One year after the end of the EU-US Privacy Shield-What’s next?

Ein Jahr nach Ende des EU-US-Privacy Shield – Wie geht es jetzt weiter?

Privacy

A comment from Marc Schieder, CIO at DRACOON

Exactly one year ago, the European Court of Justice declared the so-called EU-US Privacy Shield (also EU-US Privacy Shield) invalid.

Marc Schieder, CIO at DRACOON

The agreement was negotiated in 2016 and served as the basis for the commercial exchange of personal information between the European Union and the United States. The judges of the ECJ based their decision on the fact that US intelligence services could access data of EU citizens practically uninhibited and that data protection was therefore not guaranteed. In principle, the European Court of Justice held that the level of data protection in the US was not of equal importance to that in the EU and that the agreement was therefore void. The court also ruled that the exchange of data with non-EU countries as a whole was legal on the basis of the “standard contractual clauses”, but had to be examined on a case-by-case basis. Specifically, the ruling meant that US tech companies such as Facebook are no longer allowed to export and store personalized data of EU citizens in the United States. The same applies, of course, the other way around.

But the reality is different, because as a study by the think tank “Centrum für Europäische Politik” showed in January of this year, numerous companies continue to illegally transmit personalized information to the United States and often refer to the standard contractual clauses, the use of which remains permitted in principle. However, the cep argues that data transfers to the United States should not be based on these or, for example, on company-internal data protection regulations if the data recipients there are subject to problematic US laws on surveillance and have access to the data content in plain language. The think tank notes that in such cases, additional data protection measures cannot in fact prevent access by US authorities. Especially transfers within the framework of cloud services are mentioned here as illegal. They should be stopped by the data exporter itself or by regulators, according to cep.
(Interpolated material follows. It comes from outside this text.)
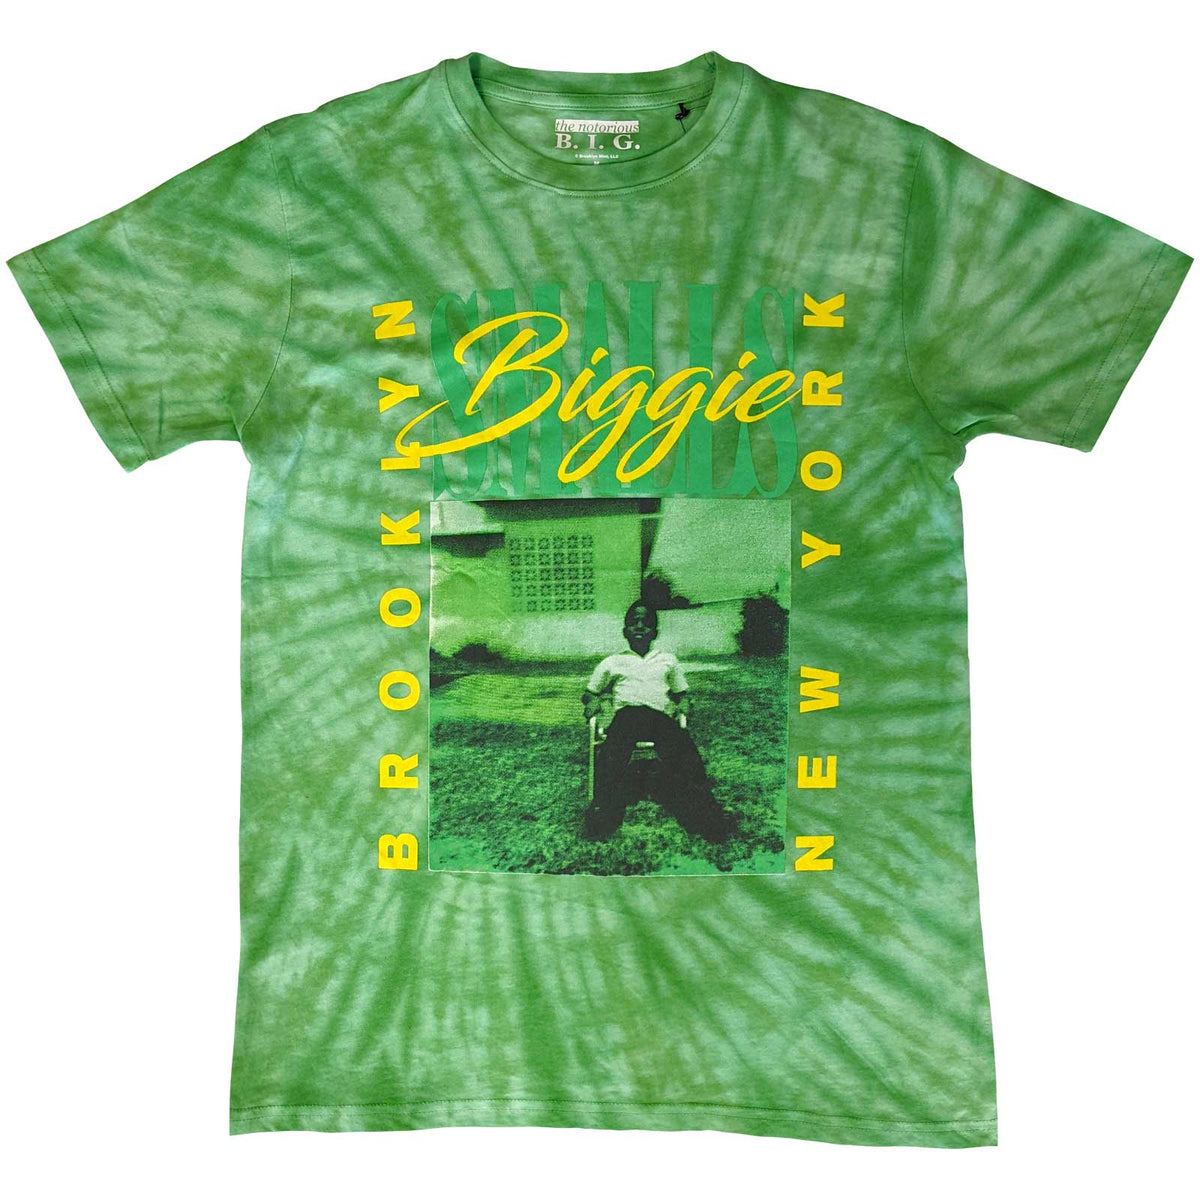 Biggie Smalls Adult T-Shirt - 90's New York City (Wash Collection) - Official Licensed Design

Just under a month ago, the EU Commission presented new standard contractual clauses to increase legal certainty for European companies that send data to the US. However, according to Justice Commissioner Didier Reynders, a new data protection agreement with the USA is planned as a long-term solution.

Although there is still legal uncertainty on some points, the judgment a year ago was an important step in terms of data protection in Europe and a clear signal for the strengthening of European data sovereignty. Last but not least, it offers a further incentive for the US to refrain from anti-data protection laws and to anchor the issue in its legislation in the long term. Another reason why this is worthwhile is the fact that companies and users are becoming more and more sensitized here and purchasing decisions often depend on how much customers trust a provider in terms of data protection. The current pandemic and the fact that the “New Normal” has long been a reality in the world of work once again illustrates the urgency of the issues of data protection and IT security. This applies to companies as well as private users. It is to be hoped that the new agreement will strengthen Europe’s role in the fight for greater transparency and data sovereignty for all users and strengthen its pioneering role here.